Diane flashed me a broad, conspiratorial smile. “After you hear how clever
I
was.”
I hate to get sentimental, but that sly smile of hers left a dent in my cool.
“Ah, you’ve got competition, Track. Please enlighten us,” Satish said.
“Cyanoacrilate is a fast-acting glue,” Diane explained. “At first I thought of an electrician, as it can be used to assemble small electronics. It can also be employed in hospitals to substitute sutures. The presence of acrylic baffled me, though. Until I thought of the perfect combination of both: nail glue and artificial nails, which are made of acrylic.”
“Ha. A woman, then. However, Tamara Tarantino or the cleaning lady could’ve left the fragment,” Satish interjected, playing devil’s advocate.

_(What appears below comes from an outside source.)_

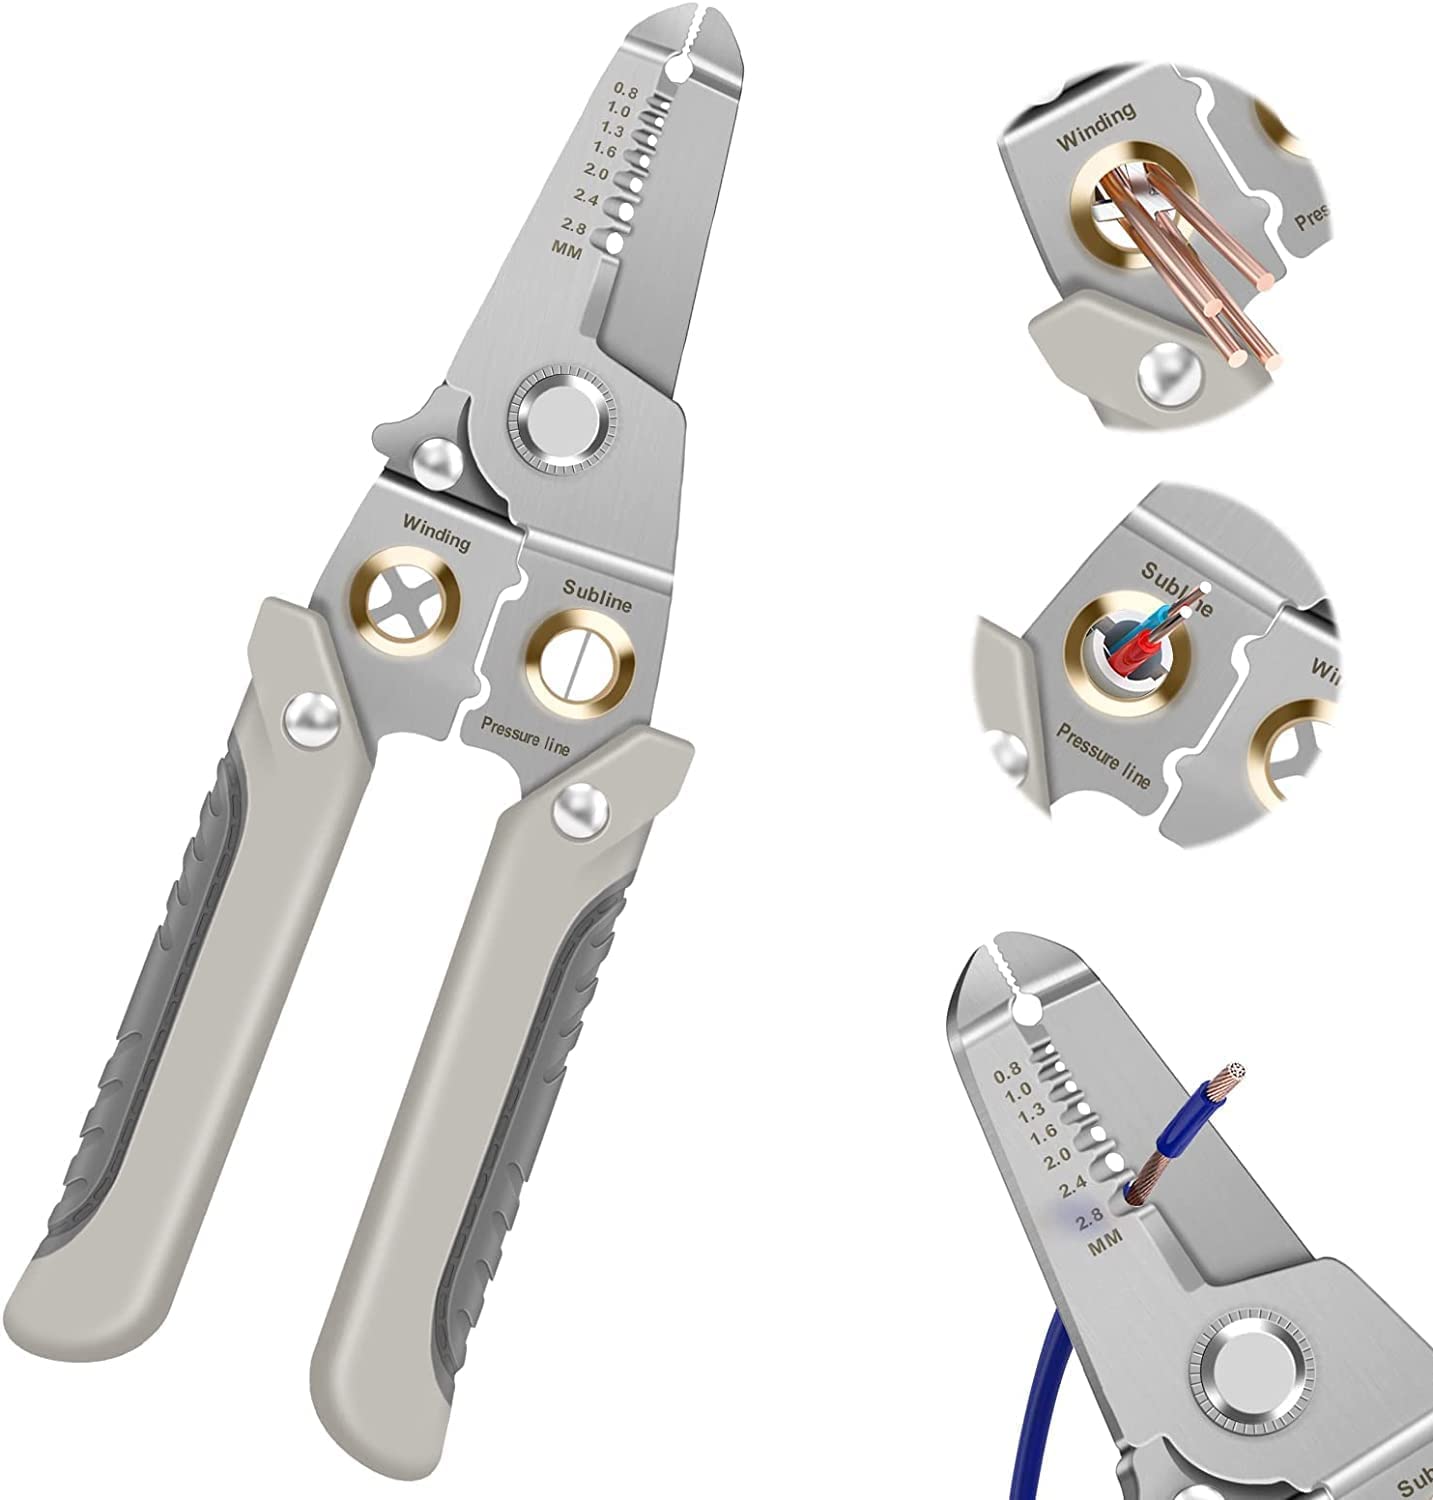 SkyShopy 6 In 1 Multifunction Electrician Wire Plier Tool || Electrical Wire Strippers Wire Splitting Pliers|| Stainless Steel Electrical Stripping Tool || Cable Stripping Cutting and Crimping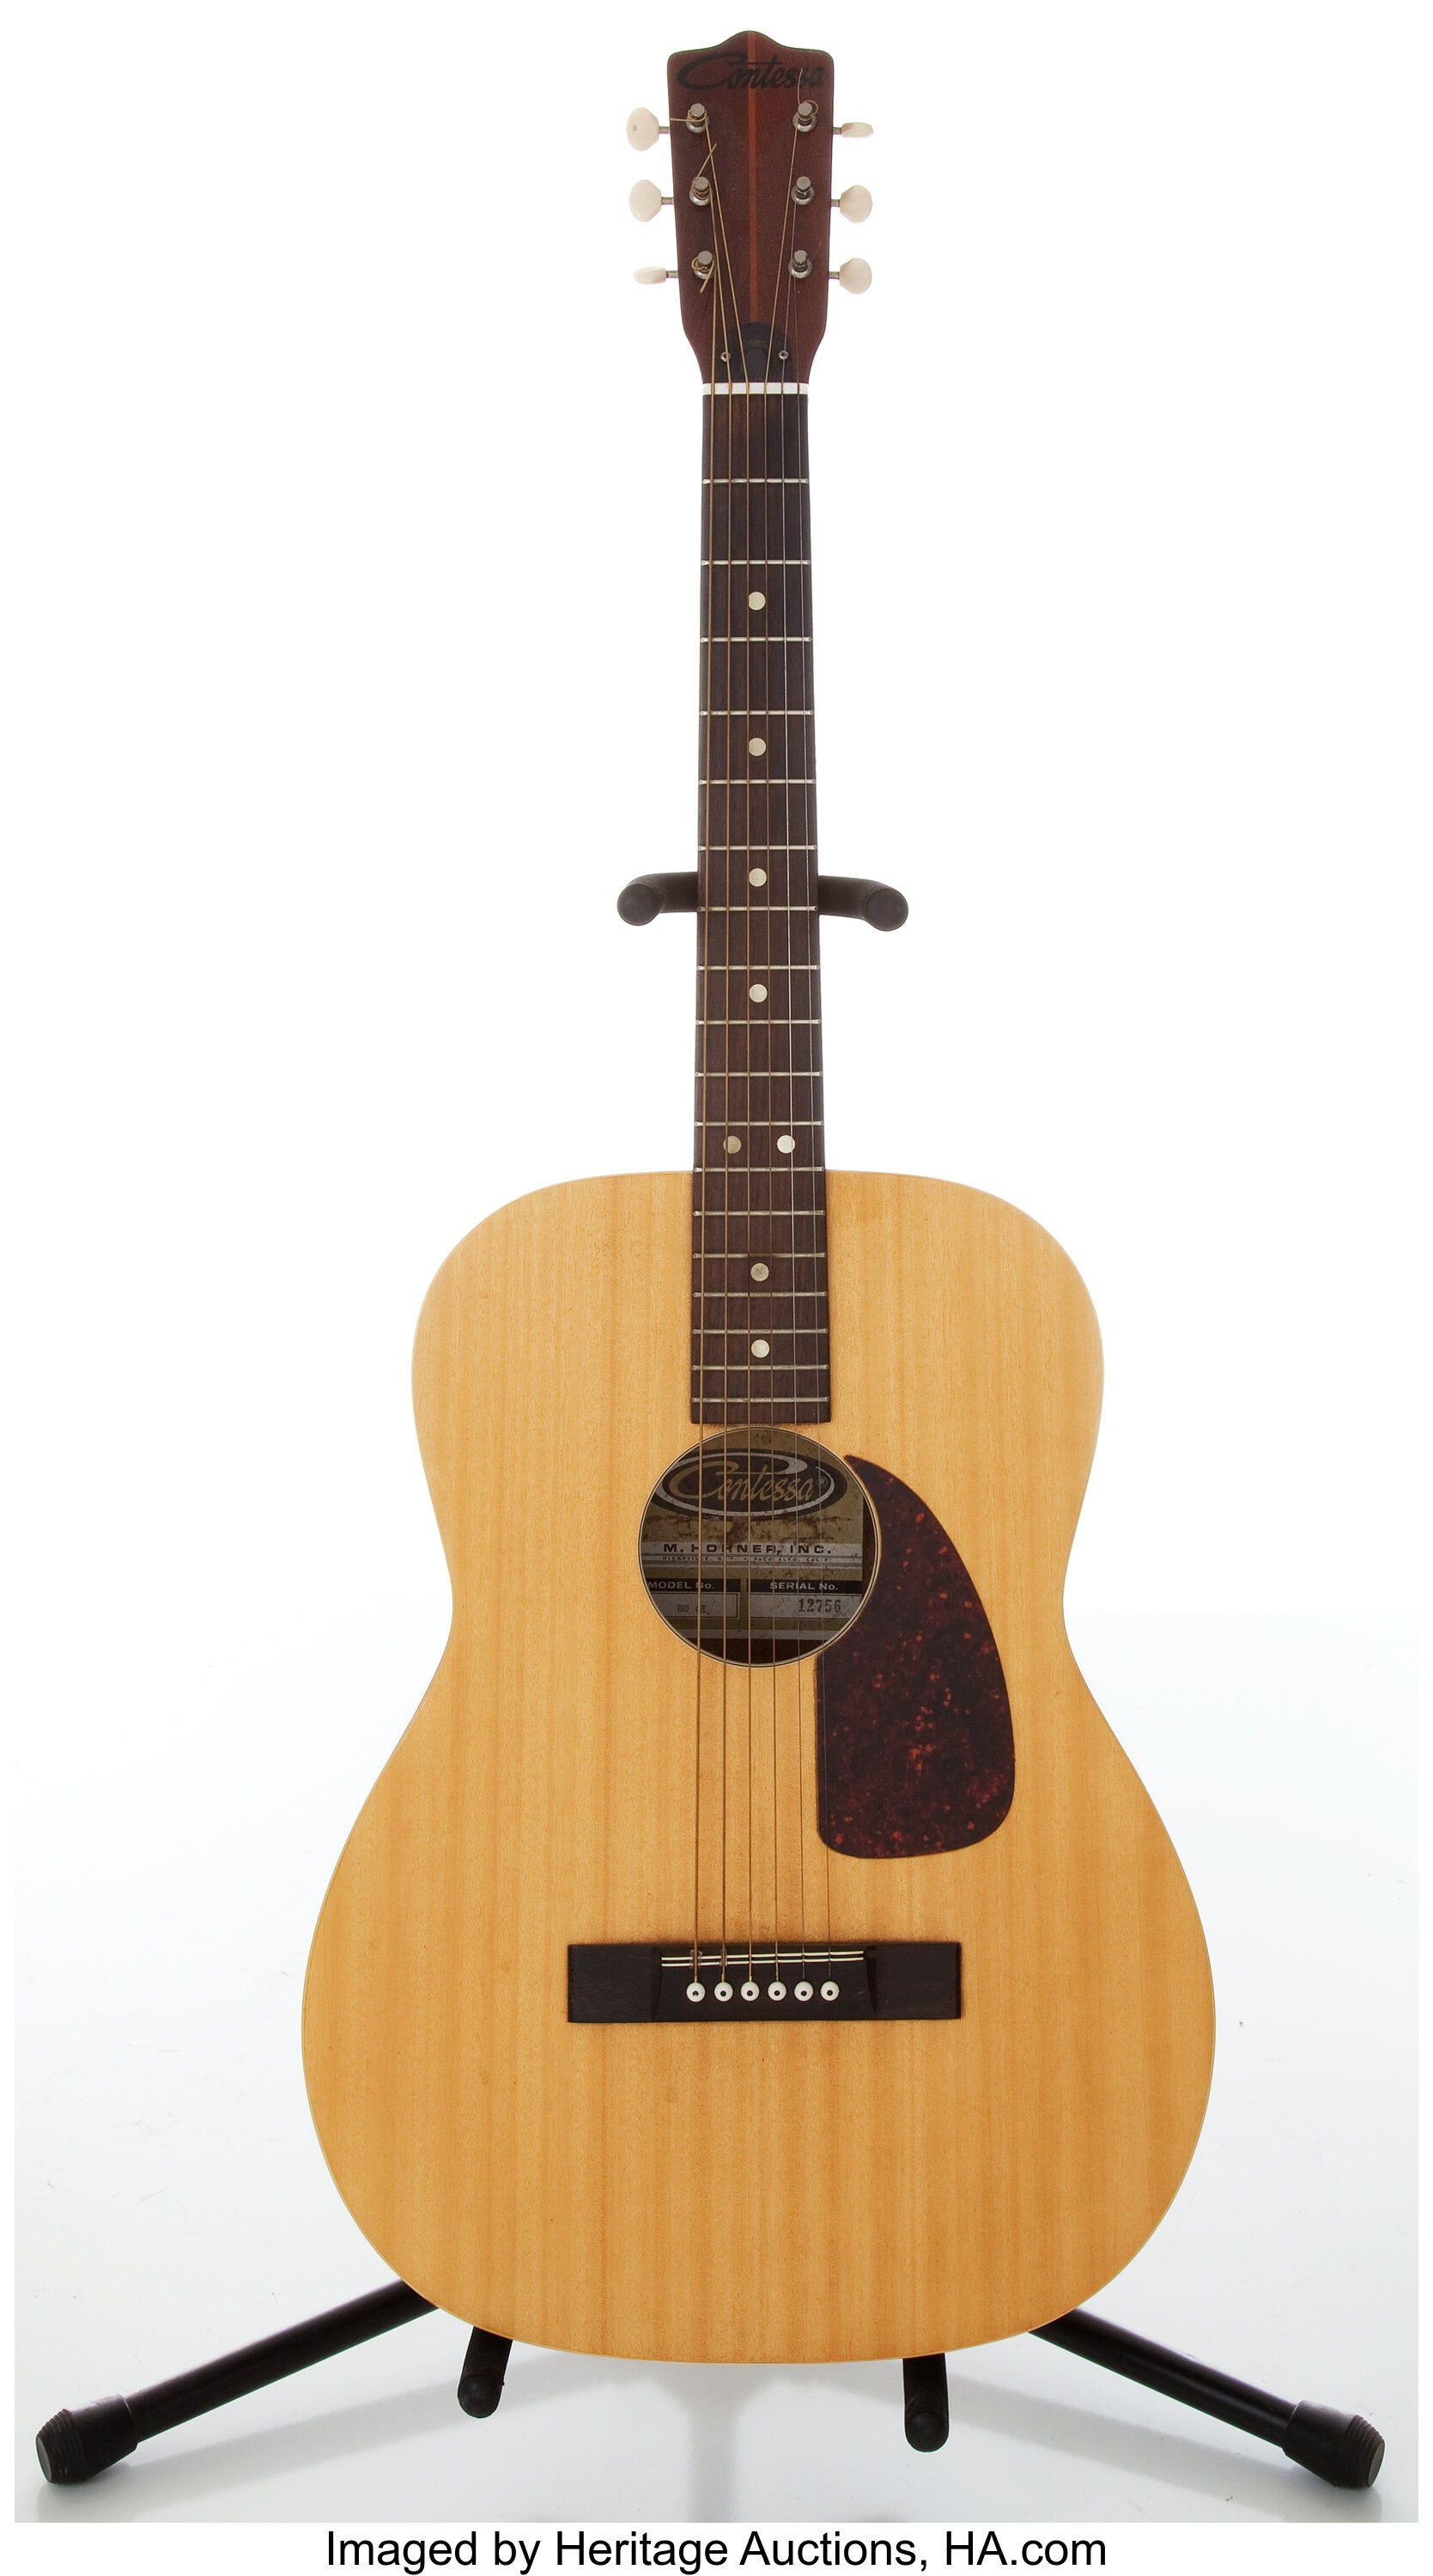 tweeling Gewaad erosie 1960s Contessa HG-0I by M. Hohner Natural Acoustic Guitar. | Lot #80010 |  Heritage Auctions

“No,” Diane replied. “Neither woman suffered from biotin deficiency.”
“What the hell is that?”
“A vitamin. Biotin deficiency causes nails to grow in a pointy fashion and to be brittle and thin. As a consequence, they break off very easily. It’s exactly what I saw when I put this nail fragment under the microscope.”
I drummed my fingers on the table. “Malnutrition?”
Diane shook her head, the swaying tips of her hair sending delicious wafts to my nostrils. “I doubt it. Biotin is commonly found in most foods. You would have to be on a pathological diet not to be getting enough from food, in which case it would be a whole range of vitamins and nutrients one would be missing.”
“Any other hypothesis, then?”
It was Diane’s turn to throw in her very own
coup de théâtre
. “Only one,” she said, her eyes sparkling with intrigue. “Anticonvulsants. Our lady is epileptic.”